The Consumer Prices Index (CPI) increased by 2.7 percent in the year to September 2013, which is the same as the previous month.
The main upward pressure on inflation was from air fares says the Office for National Statistics with downward pressure coming from petrol and diesel prices.
The new measure of inflation that takes into account the costs felt by home owner-occupiers (CPIH) was also unchanged from August at 2.5 percent in September. The experimental RPIJ, a measure of the Retail Prices Index that meets international standards, grew at 2.5 percent, marginally down on August's 2.6 percent.
The Retail Prices Index (RPI) for September was 3.2 percent, again down on the August figure of 3.3 percent.
Commenting on the figures Sasha Nugent, Caxton FX Analyst, said:
"The unexpected inflation rate of 2.7 percent year on year highlights the fact that price pressures remain, which then ignites the debate about whether above target inflation will be more stubborn and previously thought. The Bank of England has had a little more justification for its monetary policy stance lately, however the threat of high inflation will be a problem for the central bank who has committed to maintaining low interest rates.’"
Commenting on the RPI figure and its impact on business rate levels Katja Hall, CBI Chief Policy Director of the CBI said:
“This level of RPI could lead to another business rates hike in April.

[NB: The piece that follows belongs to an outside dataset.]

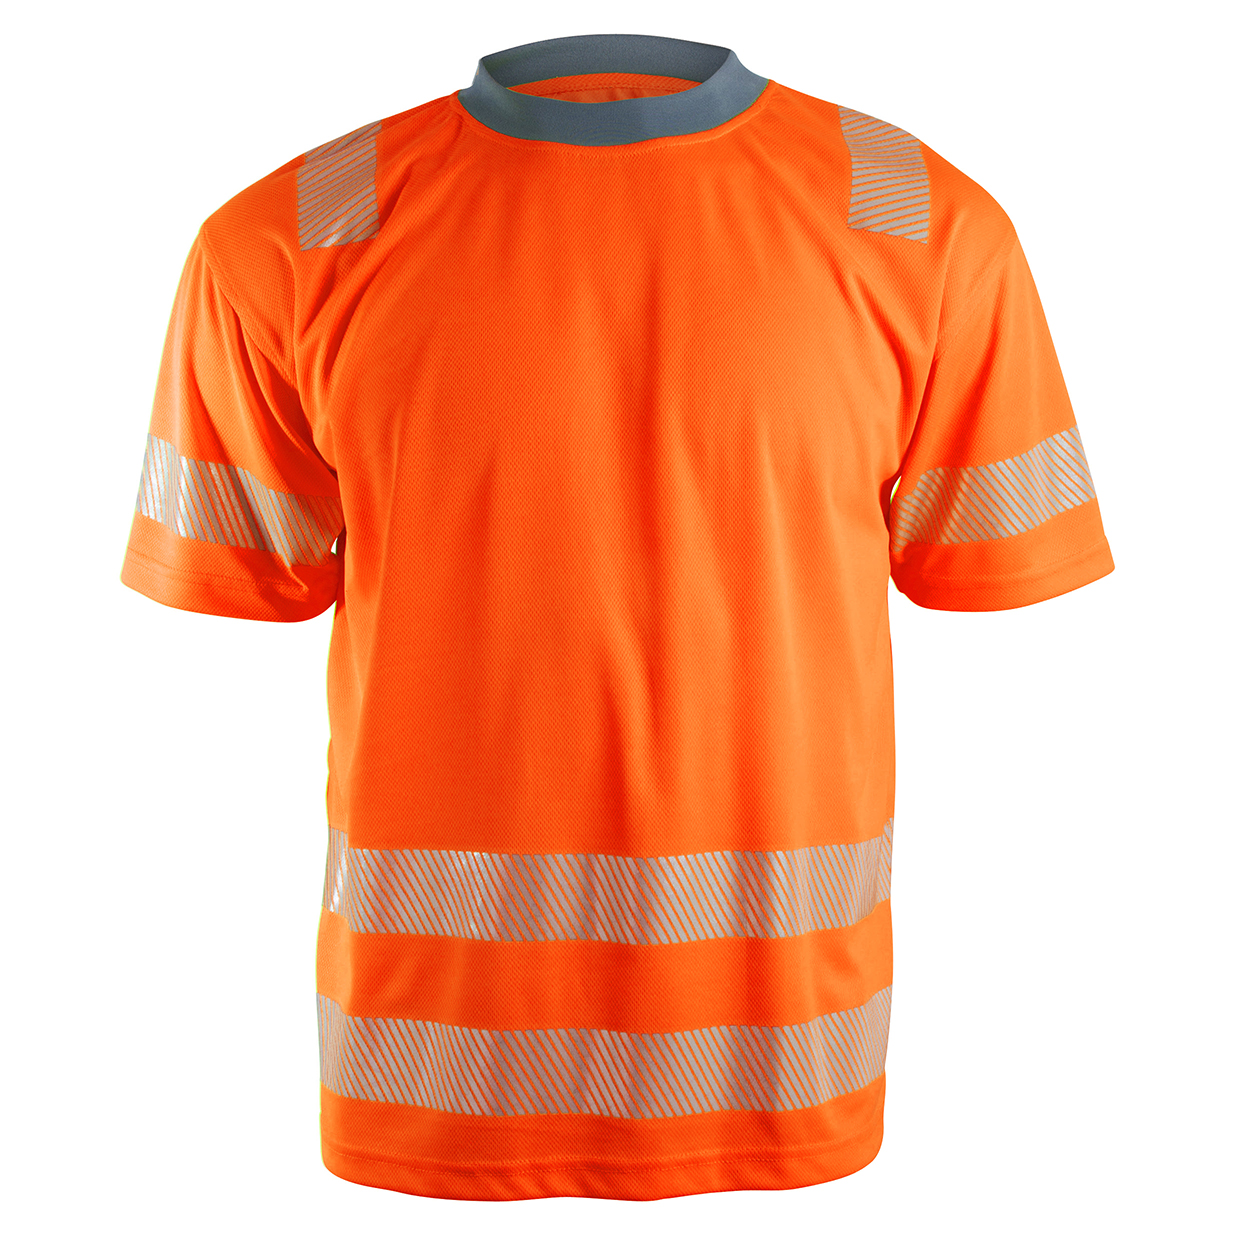 Sundsvall Unisex T-shirt med reflekser, orange

“We already have one of the highest commercial property taxes of any EU country, so the Government must step in at the Autumn Statement to limit next year’s business rates increase at 2%.
“We then want to see a full review of the system to explore options for longer term reform.”
Nida Ali, economic adviser to the EY ITEM Club, said:
“With most Government benefits being linked to the CPI inflation outturn for September, today's inflation figures are key. At 2.7%, inflation came in some way below the OBR's 2.9% forecast published in the March Budget.
“This is good news for the Chancellor, as it implies that the government's current expenditure bill will be somewhat lower than the OBR expects. For example, the terms of the triple lock, which guarantees that state pensions will increase by the higher of inflation, average earnings or a minimum of 2.5%, mean that today’s figures will see state pensions rising by 2.7% rather than 2.9%. This is because wage growth is not going to be anywhere near this figure, and it is higher than the 2.5% floor. This is on top of the government restricting the increase in some benefits to just 1%, regardless of the inflation figure.
“Inflation most likely peaked this year at 2.9% in June and will probably continue easing over the next few months. Petrol prices have eased significantly since last month, and other base effects from energy prices and food are likely to push inflation to around 2.4% in October. Although inflation is still running well above wage growth, the gradual easing should help reduce the squeeze on household finances. The consumer confidence survey already shows that they are finding it easier to make ends meet.
“Nevertheless, we see inflation remaining above the 2% target in the foreseeable future. Accounting for the persistence of higher inflation in administered & regulated prices and the end of deflation in imported goods prices, inflation will probably settle at around 2.2% in 2014 and 2015. But this is still some way below the Bank of England's 2.5% inflation knockout, so the Bank can continue to focus on getting unemployment down below 7% and keeping rates at 0.5% until at least mid-2015.”